Doctors caring for patients with psoriasis should consider exploring early screening and treatment for comorbidities, while the impact of early intervention cannot be underestimated.
- Psoriasis is associated with musculoskeletal, metabolic, cardiovascular and psychological morbidities.
- Every patient encounter is an opportunity to screen for comorbidities.
- There is emerging evidence that systemic treatments for psoriasis reduce systemic inflammatory burden and associated damage.
- Early intervention in psoriasis has the potential to modify the course of disease.
Although the skin is the most visibly affected organ in psoriasis, we now recognise that the impact of psoriasis goes well beyond the skin. In 2020, my colleagues and I published a review of the evolving body of literature that has demonstrated psoriasis to be a complex, systemic immune-mediated disorder (here).

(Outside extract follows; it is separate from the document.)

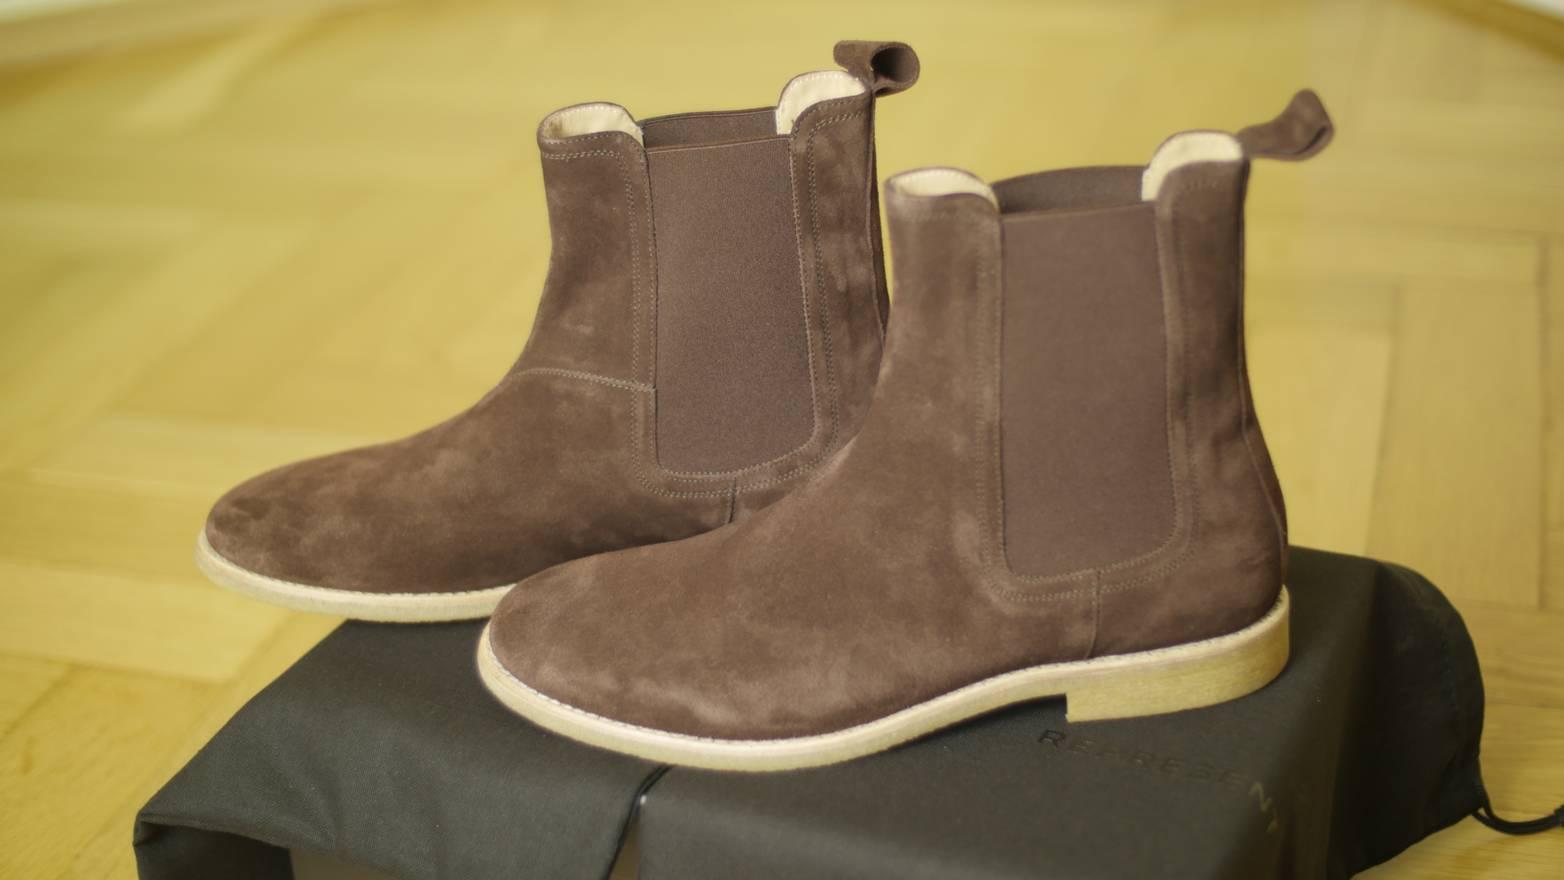 Chelsea boots - Brown Represent Jnki24

We continue to advocate for all health care providers to have an understanding of the various systemic associations with psoriasis to inform holistic patient care. Doctors caring for patients with psoriasis should consider exploring early screening and treatment for comorbidities, such as psoriatic arthritis, cardiovascular disease, metabolic syndrome and psychological disorders.
Even though topical therapies can lead to great outcomes in limited psoriasis, considering what we now know about the comorbidities, we need to consider whether there should be a greater focus on commencing systemic therapy.
Cardiovascular and metabolic disease
In other immune-mediated diseases, such as rheumatoid arthritis, there is evidence to suggest that early treatment with systemic immunomodulators can improve vascular inflammation and reduce the risk of myocardial infarction (here and here).
A meta-analysis of patients with psoriasis demonstrated that tumour necrosis factor inhibitors (TNFi) and methotrexate are associated with a decreased risk of cardiovascular events (here).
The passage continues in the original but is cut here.